I am using LME4 to fit models for a repeated measures study in psychology. Before jumping in to my fixed effects, I decided to start by comparing different random effects structures. I fit a number of models with differing random effects structures, and (thought!) I understood the output. But I noticed (see model output below) that each model yields a different overall intercept. I thought the intercept in the models would be the Grand Mean (M = 59.2994) since no fixed effects were specified. But in that case, shouldn't the intercept be the same for all models?

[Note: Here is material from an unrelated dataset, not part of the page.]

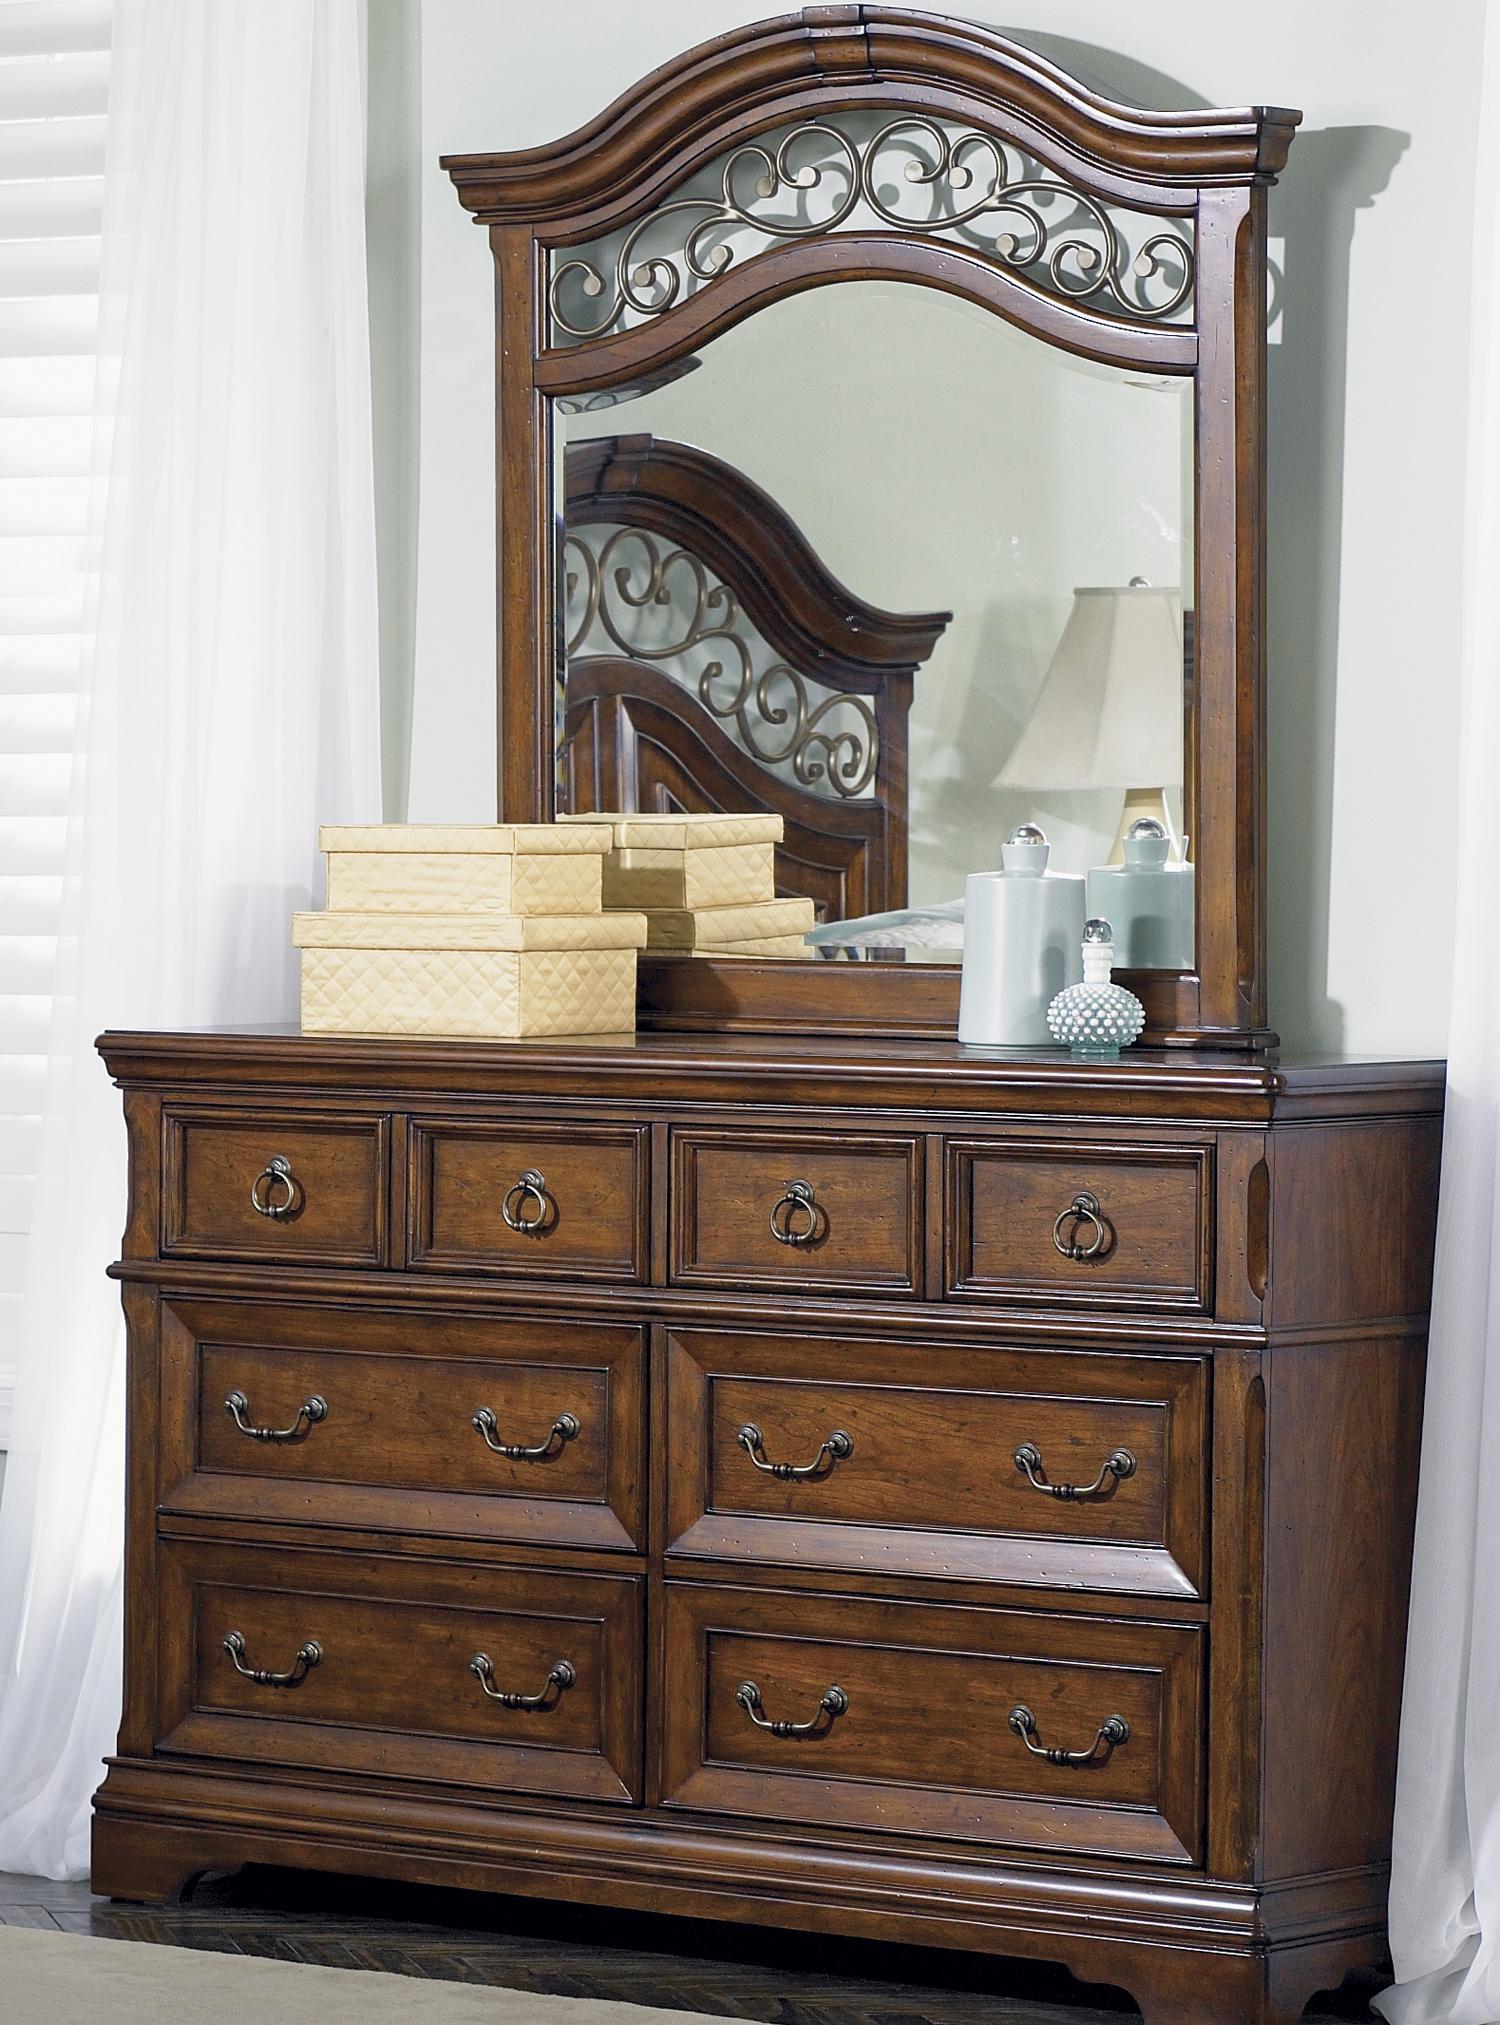 Liberty Furniture Laurelwood Dresser & Mirror - Item Number: 547-BR31+BR51

Here are the four random-effects only models I'm comparing:
(subject is a random factor, the fixed factors are prefaced with f_ and refer to aspects of the 'treatment' subjects received).

#RANDOM EFFECTS STRUCTURES
randoms <- list(
  "A" = lmer(r_strength ~ (1|subject), data = df_blocks, REML = FALSE),
  "B" = lmer(r_strength ~ (1 + f_graph | subject), data = df_blocks, REML = FALSE),
  "C" = lmer(r_strength ~ (1 + f_direction | subject), data = df_blocks, REML = FALSE),
  "D" = lmer(r_strength ~ (1 + f_version | subject), data = df_blocks, REML = FALSE)
)

And here is a table (using modelsummary) of the estimates:
table of model estimates show different estimates

Note that model B is the maximal theoretically-justified random effect structure. My planned next step was to compare models adding fixed effects and their interactions, but I don't want to push forward until I really understand the output I have 🙂

(Thanks in advance! I'm a PhD student and long-timer lurker, first time poster. I have learned so much from this community and am so grateful for the time perfect strangers devote to helping others do better statistics! )

Best Answer

The fixed intercept (effectively a columns of $1$'s in our design matrix $X$) is not "just another $x_j$" variable. That is because it is estimated at the bottom/$0$-th level of our LMM and supersedes any grouping factor we might have. As such, $\beta_0$ corresponds to all variables $x_{ij}$ being set to 0; in models B/C/D where f_graph, f_direction, f_version are respectively used this changes the interpretation of $\beta_0$. And this is why the r_strength ~ (1|subject) leads to the estimate that is closest to the grand mean; in that case $\beta_0$ is reflecting the "grand mean" as it marginalises out the random subject-specific variation that is itself hypothesised to be in the form of: $N(0, \sigma_{\text{Subject}})$.